Previous studies indicated that dacarbazine and Temozolomide could be highly effective against refractory acute leukaemia. Their activity relies mainly on the generation of methyl adducts at the O(6)-position of guanine in DNA. High levels of O(6)-methylguanine-DNA methyltransferase (MGMT) or a defective mismatch repair (MMR) system, are associated with cellular resistance to triazenes. The MGMT inhibitor, O(6)-(4-bromothenyl)guanine (Lomeguatrib), can restore in vitro sensitivity to Temozolomide in MMR-proficient blasts. In the early 1970s we discovered that, in vivo, triazene compounds induce the appearance of novel transplantation antigens in murine leukaemia ("Chemical Xenogenization", CX). Non-self peptides presented by class I MHC molecules are generated by triazene-induced somatic mutations, affecting retroviral sequences that are detectable in the mouse genome. Moreover, preliminary experiments suggested that human cancer cells can also undergo CX. Therefore, we designed a chemo-immunotherapy strategy in leukaemic patients as follows: (a) cytoreduction and a hypothetical CX phase, i.e. treatment with Lomeguatrib (to suppress MGMT activity) and Temozolomide (to kill sensitive blasts and to presumably induce CX in resistant leukaemic cells); (b) immune response recovery phase using interleukin-2 (to possibly restore an immune response and take advantage of the hypothetical, triazene-induced CX). Here we present the results of pilot study which is in progress in patients with refractory/relapsed acute leukaemia. In all tested cases, Lomeguatrib suppressed MGMT activity in vivo. Six out of eight patients showed partial or complete disappearance of blast cells in peripheral blood or in bone marrow. We observed severe and long-lasting myelosuppression, accompanied by limited non-haematological toxicity. Up to now, two patients are alive (after 9 and 10 months, respectively), four died of opportunistic infections and two of progressive disease. This investigation confirms the potential role of triazenes in leukaemia and highlights the contribution of Lomeguatrib in overcoming drug resistance. Further studies are required to establish whether Temozolomide can induce CX in human leukaemia, and thus offer a new approach to control minimal residual disease.

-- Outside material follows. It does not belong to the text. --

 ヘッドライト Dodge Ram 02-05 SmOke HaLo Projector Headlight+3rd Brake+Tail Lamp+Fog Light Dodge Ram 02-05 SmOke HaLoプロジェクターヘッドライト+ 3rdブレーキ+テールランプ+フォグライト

先前的研究表明,达卡巴嗪和替莫唑胺对难治性急性白血病可能非常有效。它们的活性主要依赖于在DNA中鸟嘌呤的O(6)位生成甲基加合物。高水平的O(6)-甲基鸟嘌呤-DNA甲基转移酶(MGMT)或缺陷的错配修复(MMR)系统与细胞对三氮烯的耐药性有关。MGMT抑制剂O(6)-(4-溴噻吩基)鸟嘌呤(洛美胍曲)可在体外恢复MMR功能正常的原始细胞对替莫唑胺的敏感性。20世纪70年代初,我们发现,在体内,三氮烯化合物可诱导小鼠白血病中出现新的移植抗原(“化学异种化”,CX)。I类MHC分子呈递的非自身肽是由三氮烯诱导的体细胞突变产生的,这些突变影响可在小鼠基因组中检测到的逆转录病毒序列。此外,初步实验表明人类癌细胞也可发生CX。因此,我们为白血病患者设计了如下化学免疫治疗策略:(a) 细胞减灭和假设的CX阶段,即使用洛美胍曲(抑制MGMT活性)和替莫唑胺(杀死敏感原始细胞并可能在耐药白血病细胞中诱导CX)进行治疗;(b) 使用白细胞介素-2的免疫反应恢复阶段(可能恢复免疫反应并利用假设的、三氮烯诱导的CX)。在此,我们展示了一项针对难治性/复发性急性白血病患者正在进行的初步研究结果。在所有测试病例中,洛美胍曲在体内抑制了MGMT活性。8名患者中有6名在外周血或骨髓中显示原始细胞部分或完全消失。我们观察到严重且持久的骨髓抑制,并伴有有限的非血液学毒性。截至目前,两名患者存活(分别为9个月和10个月后),四名死于机会性感染,两名死于疾病进展。这项研究证实了三氮烯在白血病中的潜在作用,并突出了洛美胍曲在克服耐药性方面的作用。需要进一步研究以确定替莫唑胺是否能在人类白血病中诱导CX,从而为控制微小残留病提供一种新方法。